The development of standardized biological parts allows for the rapid assembly of sequences. The ability to test individual parts and devices to be independently tested and characterized also improves the reliability of higher-order systems.

==History==
The first attempt to create a list of standard biological parts was in 1996, by Rebatchouk et al. This team introduced a cloning strategy for the assembly of short DNA fragments. However, this early attempt was not widely recognised by the scientific research community at the time. In 1999, Arkin and Endy realized that the heterogeneous elements that made up a genetic circuit were lacking standards, so they proposed a list of standard biological parts. BioBricks were described and introduced by Tom Knight at MIT in 2003. Since then, various research groups have utilized the BioBrick standard parts to engineer novel biological devices and systems.
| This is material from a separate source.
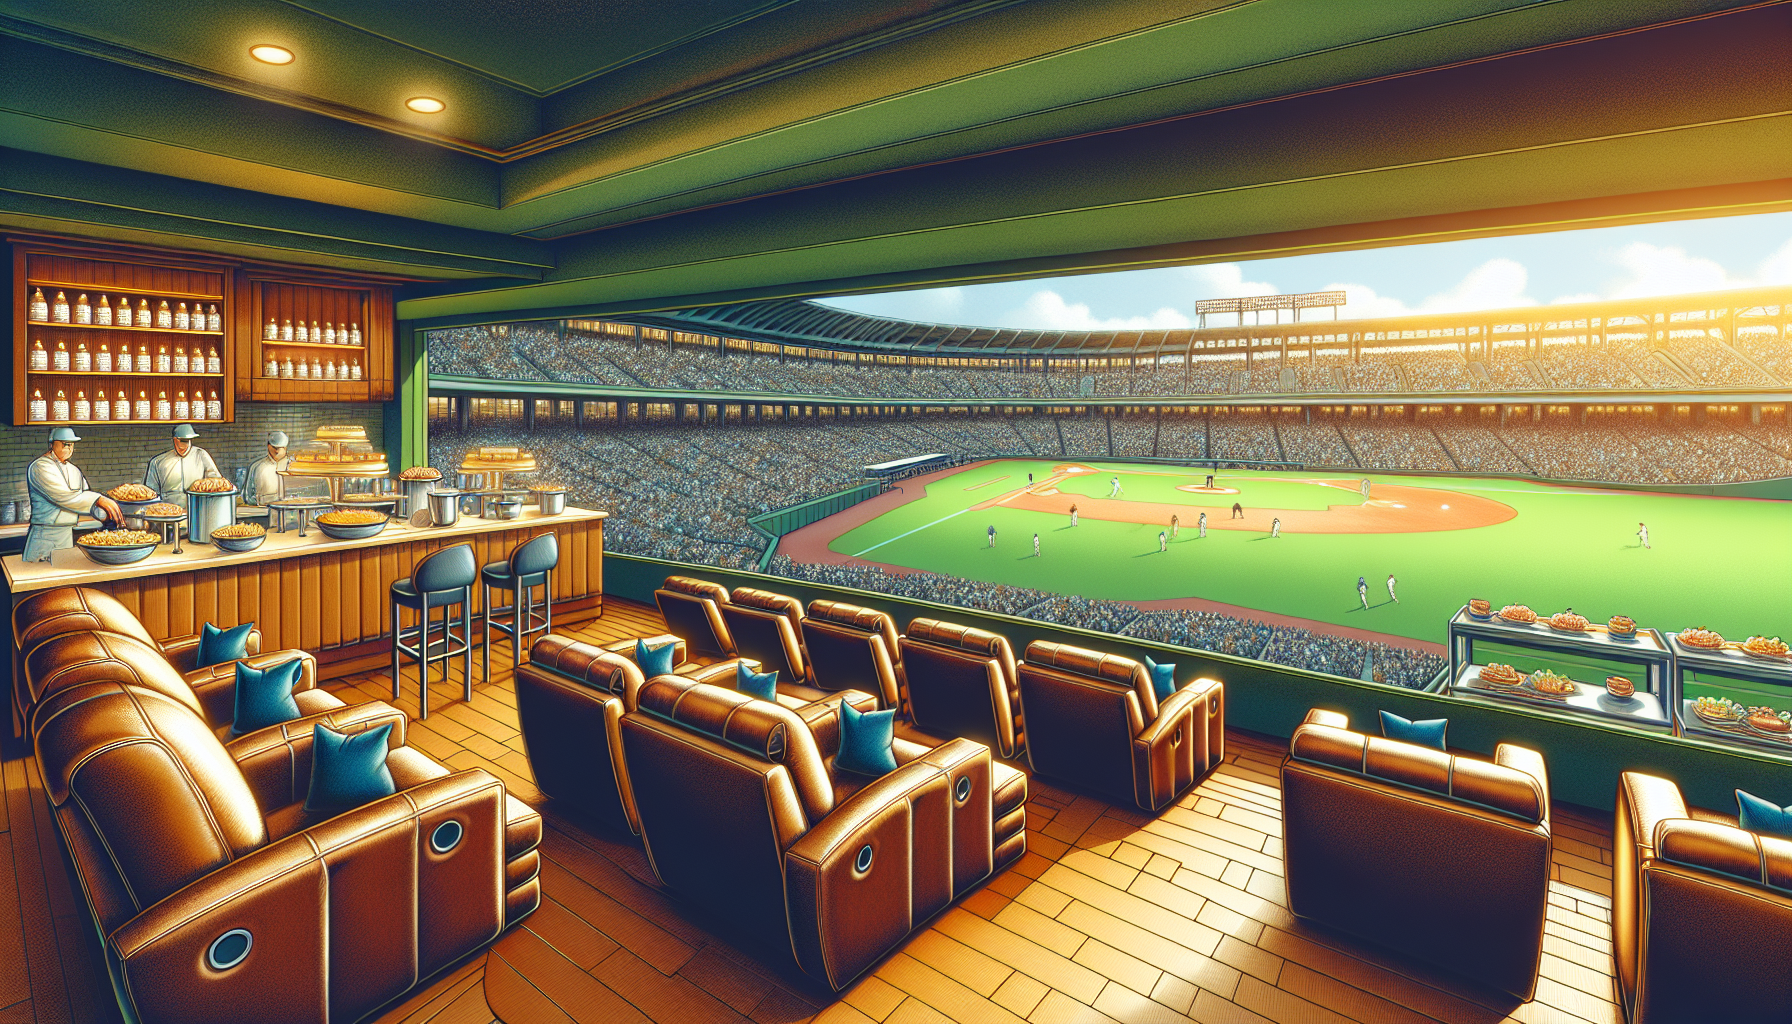 Illustration of a luxurious box seating area at a baseball stadium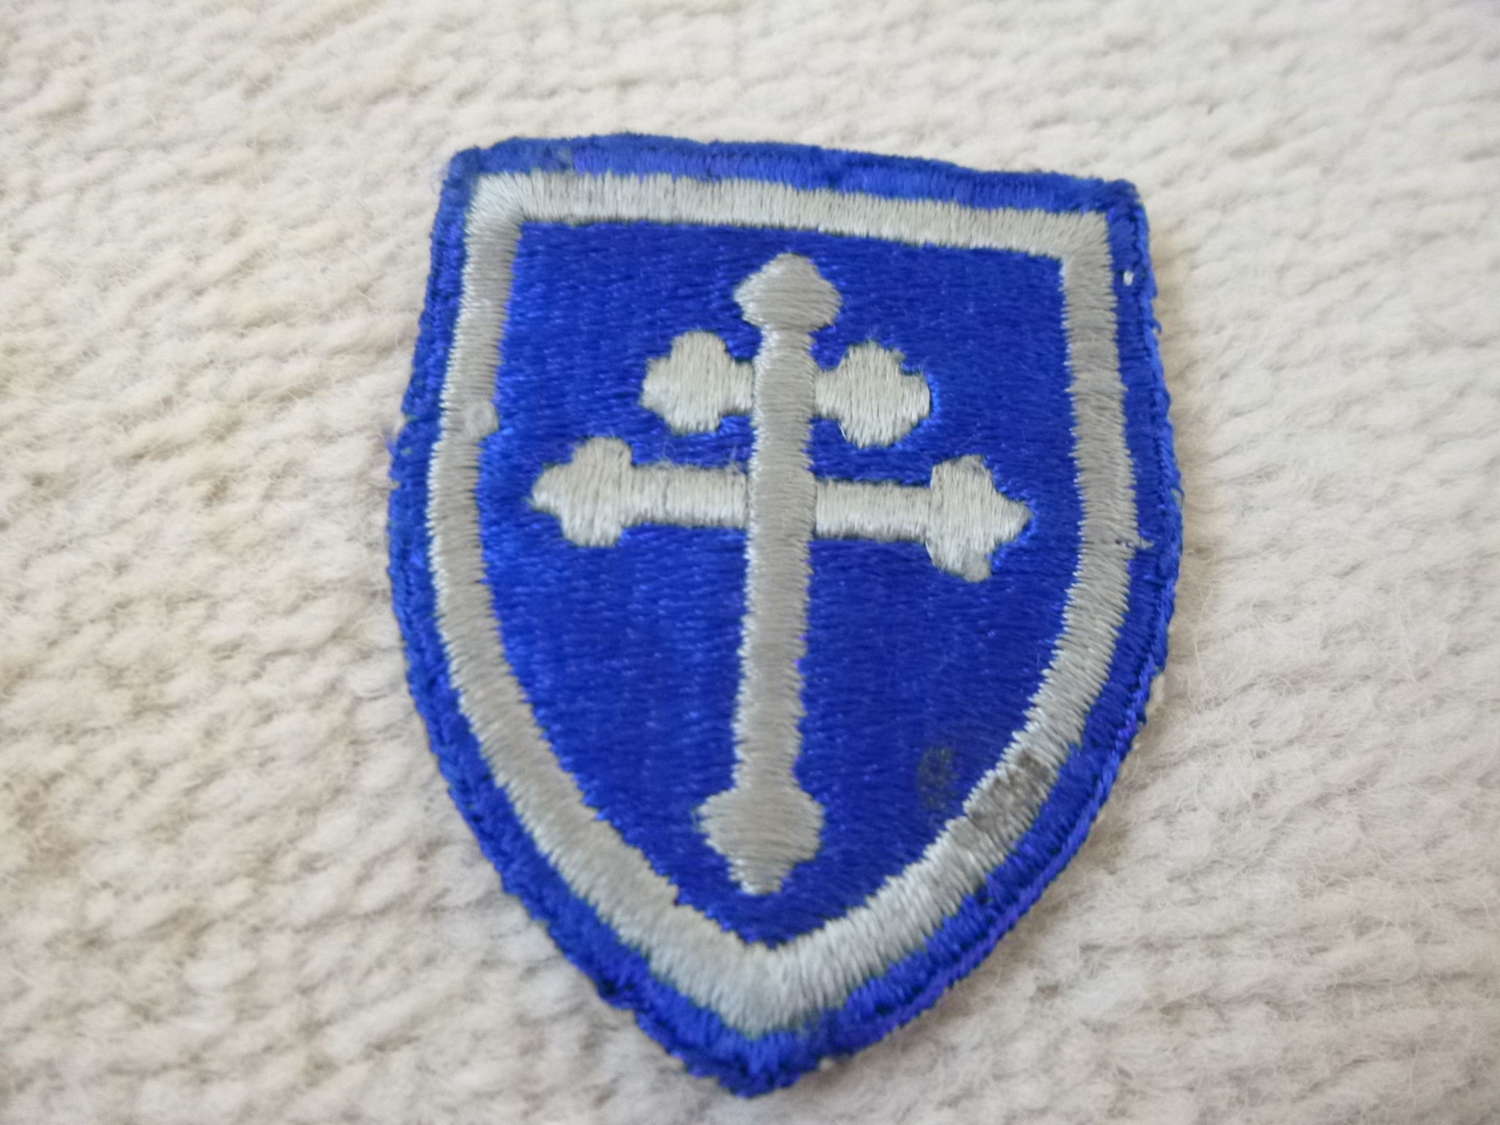 US army 79th infantry division patch

=== BioBricks Foundation ===
The BioBricks Foundation was formed in 2006 by engineers and scientists alike as a not-for-profit organization to standardize biological parts across the field. The Foundation focuses on improving in areas of Technology, Law, Education and the Global Community as they apply to synthetic biology. BioBricks Foundation's activities include hosting SBx.0 Conferences, technical and educational programs. The SBx.0 conferences are international conferences on synthetic biology hosted across the world. Technical programs are aimed at the production of a series of standard biological parts, and their education expansion is creating acts which help create open, standardized sources of biological parts.

=== BioBricks Public Agreement ===
As an alternative to traditional biotechnology patent systems and in an effort to allow BioBricks to be utilized as an open-source community standard, the BioBricks Foundation created the BioBrick Public Agreement, which consists of a Contributor Agreement and a User Agreement. Those who want to give a part to the community sign the Contributor Agreement, agreeing not to assert against Users Contributor-held intellectual property rights that might limit the use of the contributed materials. Signers of the User Agreement may freely use the whole collection of parts given by contributors. There is no requirement for users to contribute to the community in order to use the parts, and users may assert intellectual property rights to inventions developed by using the parts. The User Agreement allows users to establish invention of uses of parts, to disclose patents on parts combinations, and to freely build on the contributions of other users.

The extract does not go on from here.